Do ESPs bear some responsibility for educating their clients? Perhaps. There's already been a heck of a lot of miseducation going on out there. As one ESP VP told us, "Deliverability fear, uncertainty and doubt is a pervasive sales tactic in this industry. The sales rep says 'Those other guys screwed up your deliverability, but we'll do it well.'"

Another ESP CMO said, "There are plenty of ESPs out there that claim to have good deliverability rates but just fabricate their deliverability rates. They don't report their full set of failures, don't report their blocks. Also some ESPs out there are making inroads in respectable senders, but in the ISP community on the receiving end, they're known for their spammer-like behavior and the spammers that use them. Unsophisticated email buyers have to be aware of that and figure out who is really telling the truth and that their reputation is out in the industry."

So, clients are being told their delivery problems will be over if they just sign up with a particular ESP. Plus, clients are then often shown misleading "delivery" reports for their own campaigns that report delivery as total email broadcast minus bounces, sidestepping the entire issue of filters that then can block 20%-40% of permission email from getting through.

(Note: 20% is an average for major ISPs, free Web-based email clients and AOL; 40% is a rough estimate for at-work addresses where corporate IT departments frequently bring less-sophisticated content-based filters into play.)

In 2006 deliverability is going to get worse. Why? Because mailer reputation will soon begin to determine whether mail gets through.

In 2005, first Hotmail and then Yahoo announced launches of authentication (aka SenderID) programs. Other ISPs quickly followed or are in the process of doing so. Authentication doesn't stop spam -- it's designed to stop phishing. These are people who falsify who they are for the purposes of sending emails.

Example: Someone claiming to be a security tech for eBay or Amazon who needs you to verify your credit card info for some reason.

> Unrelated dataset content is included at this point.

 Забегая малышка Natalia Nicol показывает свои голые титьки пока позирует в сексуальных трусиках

With authentication, the idea is the ISPs will know precisely who each email is *really* from, and they'll stop email from people who are lying about who they are.

Once that step is in place, the next step may inevitably be mailer reputation filters. According to some deliverability experts, the ISPs have been holding off filtering to some degree because they've not been sure if email that was complained about really was *from* the sender it purported to be from.

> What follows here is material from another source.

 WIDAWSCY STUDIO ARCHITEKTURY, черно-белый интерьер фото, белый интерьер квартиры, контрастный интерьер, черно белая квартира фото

Now they'll know for sure which marketers are really sending the email campaigns consumers complain about. Now they'll be able to block those senders with a clearer conscience.

When a sender is blocked, the ISP blocks by IP address of the server that the email is being sent from. In other words, they block the server you send mail from at your ESP. Plus, since IP addresses are purchased in groups, sometimes the ISP or blacklist will block the entire group of IP addresses which, in turn, means that ESPs' business is in danger.

ESPs have to watch their reputations as carefully as a clutch of Victorian gentlewomen. Those who accept mailers with opt-out lists (names that are added without individual overt permission to a list) may start shedding those clients or moving them to separate, segmented IP groups.

Others will continue to strengthen their true deliverability reports, engage external third part deliverability reporting systems and add related clauses to client contracts so they can cut any misbehaving clients in a heartbeat.

And, others will continue to lie about true delivery rates and hope no one catches them.

Both ESPs and marketers are now under the gun. New state and federal laws are one thing, the power of a handful of the major ISPs to shut you down are another. They don't have to carry your email, and they won't if they have strong evidence your reputation isn't what it should be.